Glasswall’s counsel submitted that Clearswift could not rely on this answer and the paragraphs of cross-examination that follow for the proposition for which Clearswift contents, and my own re-reading of the transcript concurs with Glasswall’s position. I do not understand Professor Mitchell to have agreed to the “non-correcting” system for which Clearswift contended. Glasswall’s counsel also submitted that the non-correcting system is not apparent from Mr Shipp’s three witness statements. In my judgment, the support Clearswift advanced for its contention has not been made good. I reject it.
Further, I do not consider that there is anything in Counsel for Clearswift’s submissions that the Patent’s method does not deal specifically with attachments. He suggested it would be impossible to deal with all types of attachments, and that must be right. But the clear wording of the claim (for example the reference to “a list of file types” in integer 1m) make it clear, in my judgment that the Patent teaches the checking of attachments.
I must also say something brief about the positioning of the threat filter. Clearswift submitted that the claim could not be read as a strict “recipe” and hence there was nothing to support Glasswall’s submission that the filter is applied only after the earlier step of parsing but before regeneration. In summary, Glasswall’s submission was that an attempt would first be made to parse the parts of the file – even those whitelisted on the threat filter. Professor Mitchell explained that this had advantages in catching some exploits. I accept Professor Mitchell’s evidence. Mr Shipp accepted this in a limited degree in relation at least to Word files. I therefore accept Glaswall’s contention that the claim requires the threat filter to be applied only after the step of parsing, and before regeneration, and I reject Clearswift’s submissions to the contrary.

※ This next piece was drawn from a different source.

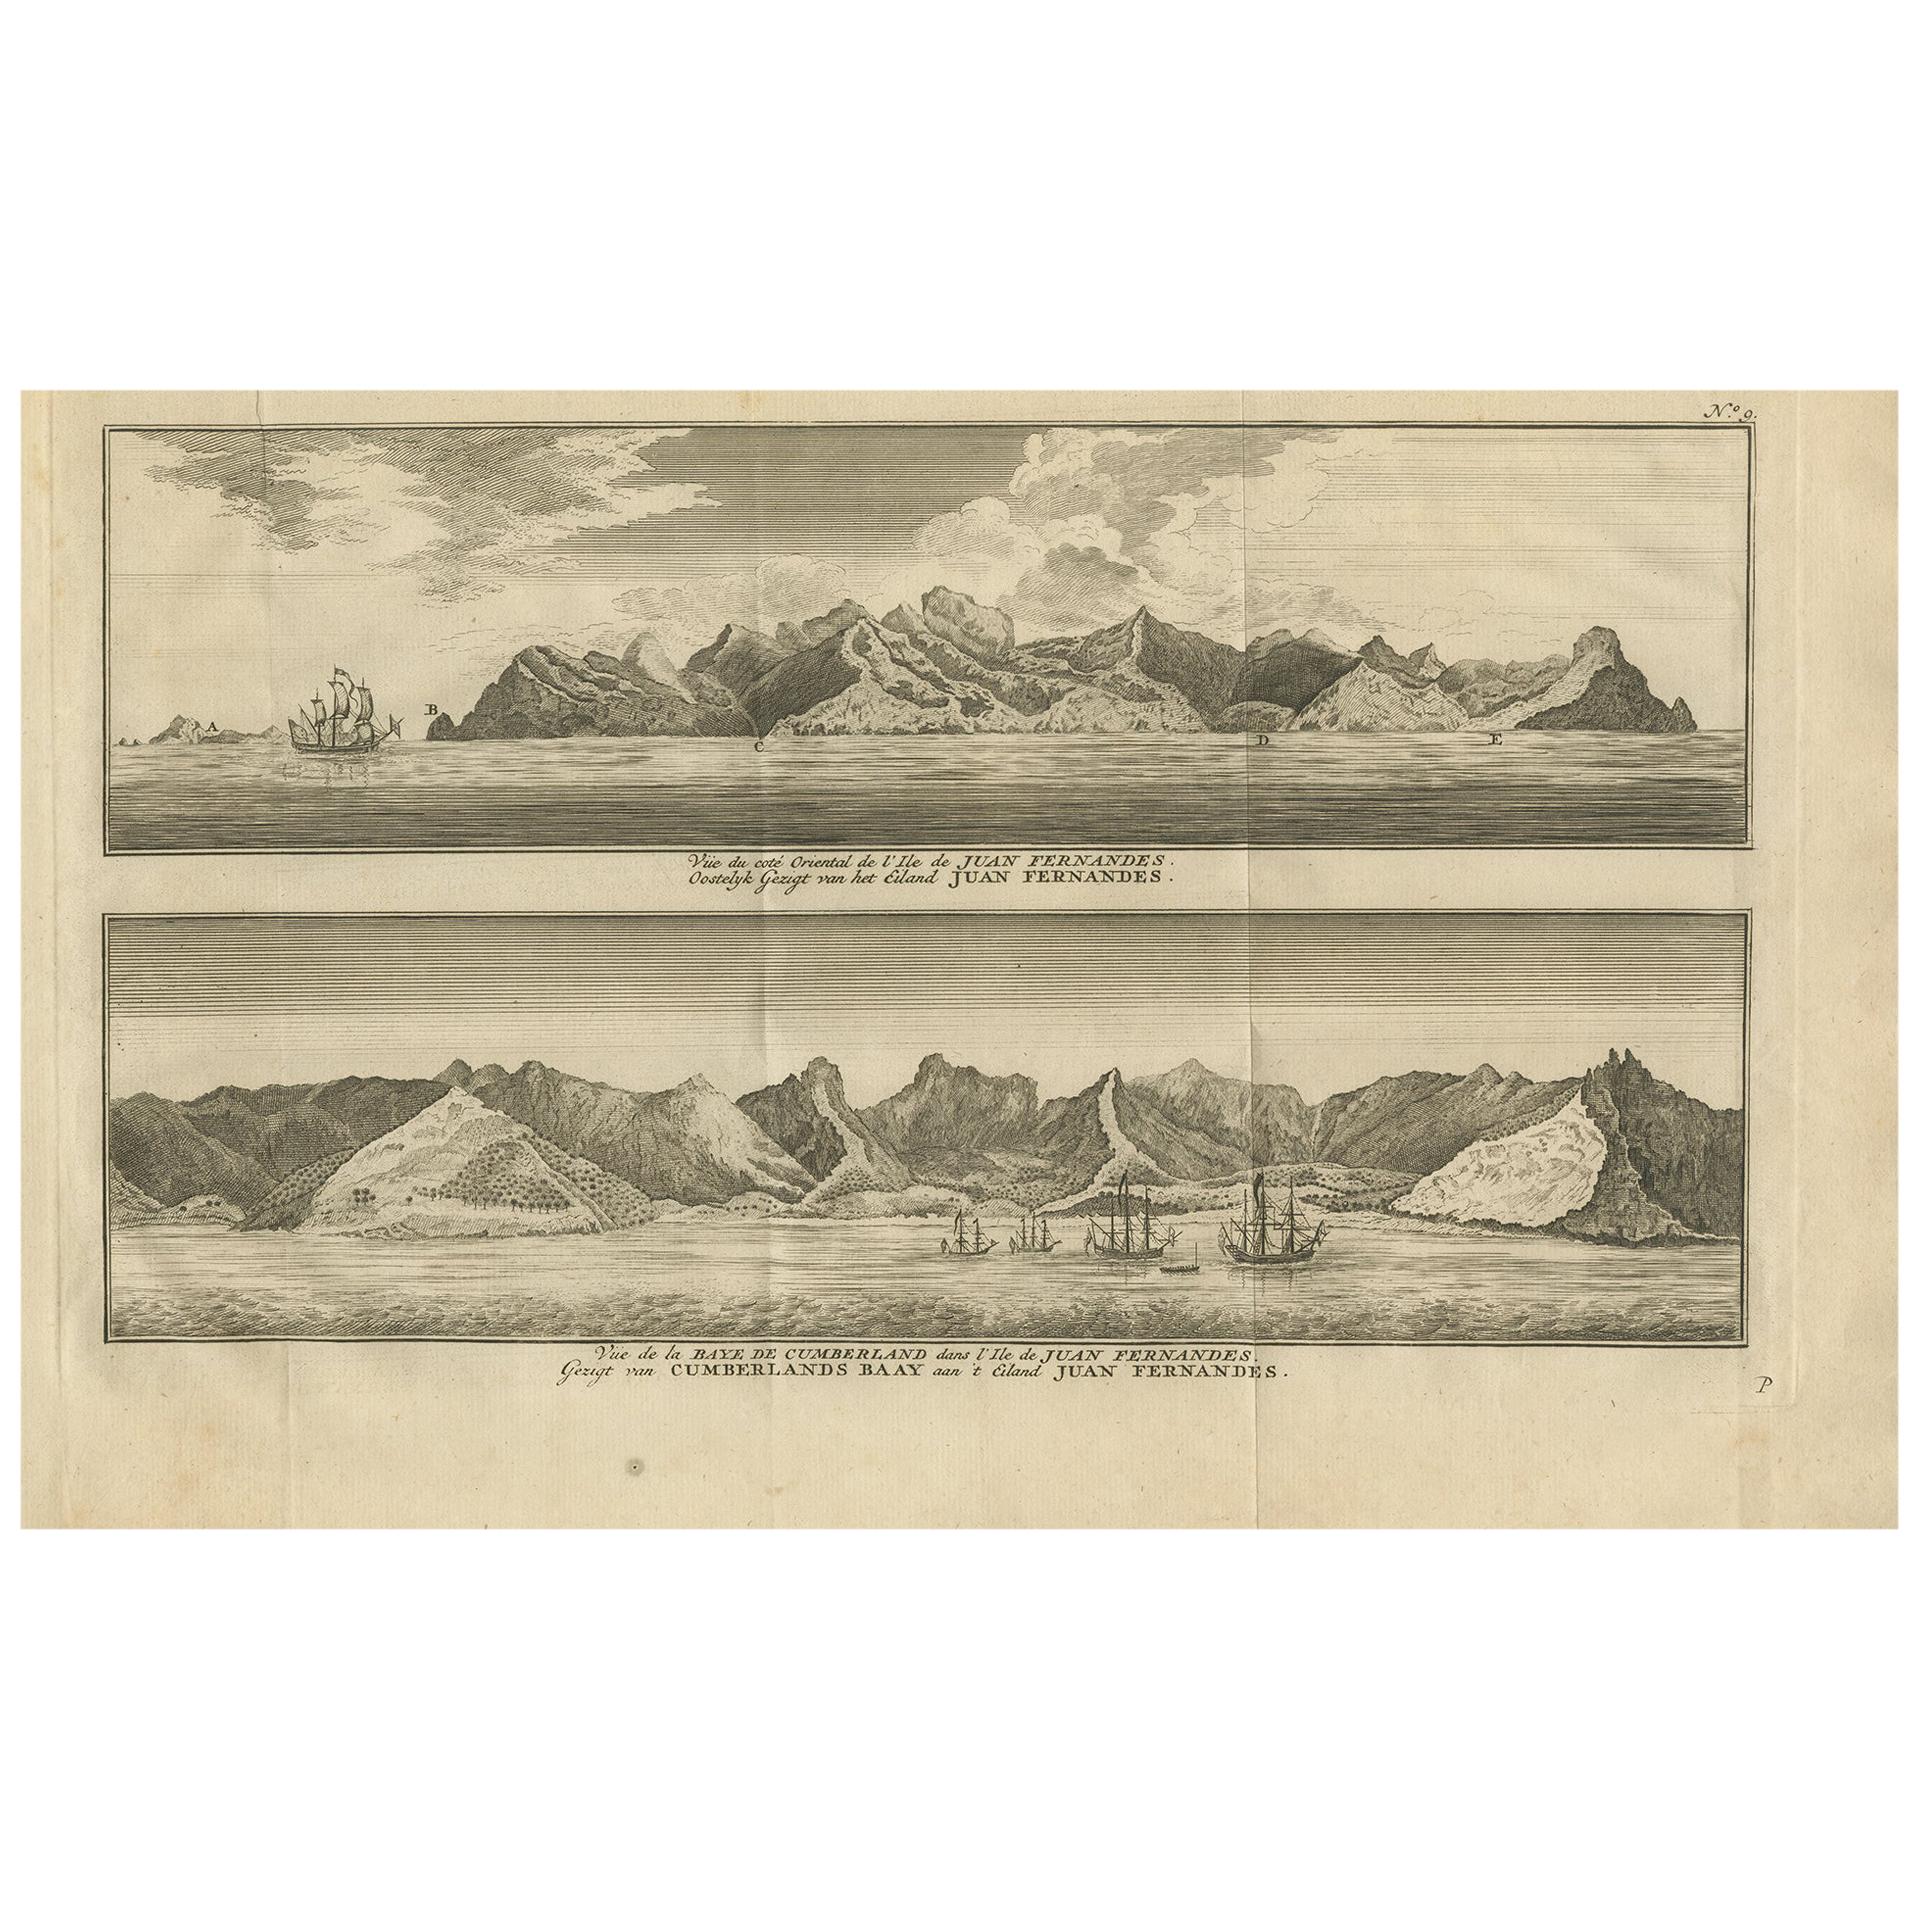 Impression ancienne de la baie de Cumberland et de l'île de Juan Fernandez par Anson, 1749

I therefore accept Glasswall’s proffered construction and inventive concept.
Pozzoli’s third stage
The parties were agreed that, in following the Pozzoli stages, having construed the Patent, and having articulated the relevant inventive concept, I should have regard to that inventive concept in my analysis of obviousness over the prior art. I propose to adopt that course, mindful not to lose sight of the full construction of claim 1.
The third stage of Pozzoli is to “[i]dentify what, if any, differences exist between the matter cited as forming part of ‘the state of the art’ and the inventive concept of the claim or the claim as construed”. Clearswift’s counsel submitted that this requires the Court to identify what the prior art is teaching the skilled person, and then to identify the gap between the teaching and the inventive concept. I was reminded to read and understand the prior art as a person skilled in the art – not as “a lawyer equipped with a raft of authorities on the difference between express disclosure, implied disclosure and obviousness”. It was emphasised that there is a need to ask “what is this prior art actually teaching the skilled person” or “what would the skilled person take away from reading this document?” I accept those submissions as to the approach I should adopt.
There is a risk at this third Pozzoli stage that either too much will be read into the prior art, making fourth stage obviousness more likely; or that too little will be read in, leaving an Herculean task for the skilled person to bridge the gap with the inventive concept without a scintilla of invention. Counsel for Glasswall put this another way: he emphasised the importance of not conflating the issues of disclosure (stage 3 of Pozzoli) and obviousness (stage 4). He submitted that when identifying the differences between the prior art and the inventive concept, it is necessary to identify what the particular piece of art relied on clearly and unmistakably discloses, in a General Tire sense. He referred me to Lord Walker’s speech in Synthon BV v SmithKline Beecham plc [2006] RPC 10 at paragraph 63:
“What emerges from the authorities, to my mind, is that enabling disclosure is a compendious summary of two distinct statutory requirements, which arise (as a pair) in two different statutory contexts: explicitly in section 14 (requirements for a patent application) and implicitly (as decided by the Court of Appeal in General Tire & Rubber Co v Firestone Tyre & Rubber Co Ltd [1972] RPC 457 and by this House in Asahi) in determining the state of the art, whether for the purposes of anticipation (section 2(2) and (3)) or obviousness (section 2 as restricted by section 3). This produces a degree of symmetry in the law and avoids divergence from the practice of the European Patent Office.”
I have been mindful of his Lordship’s speech in coming to my findings as set out below.
Counsel for Glasswall also cautioned against relying on implicit disclosures, saying that the differences must first be identified, before it is asked whether they are obvious. In the end, in this case, in my judgment it does not matter. Counsel for Clearswift submitted that I do not need to grapple with the thorny issue of where implicit disclosure ends and obviousness begins, and I agree.
Pozzoli’s fourth stage
Stage four of Pozzoli asks the question for which the first three stages prepare the tribunal:
“viewed without any knowledge of the alleged invention as claimed, do those differences constitute steps which would have been obvious to the person skilled in the art or do they require any degree of invention.”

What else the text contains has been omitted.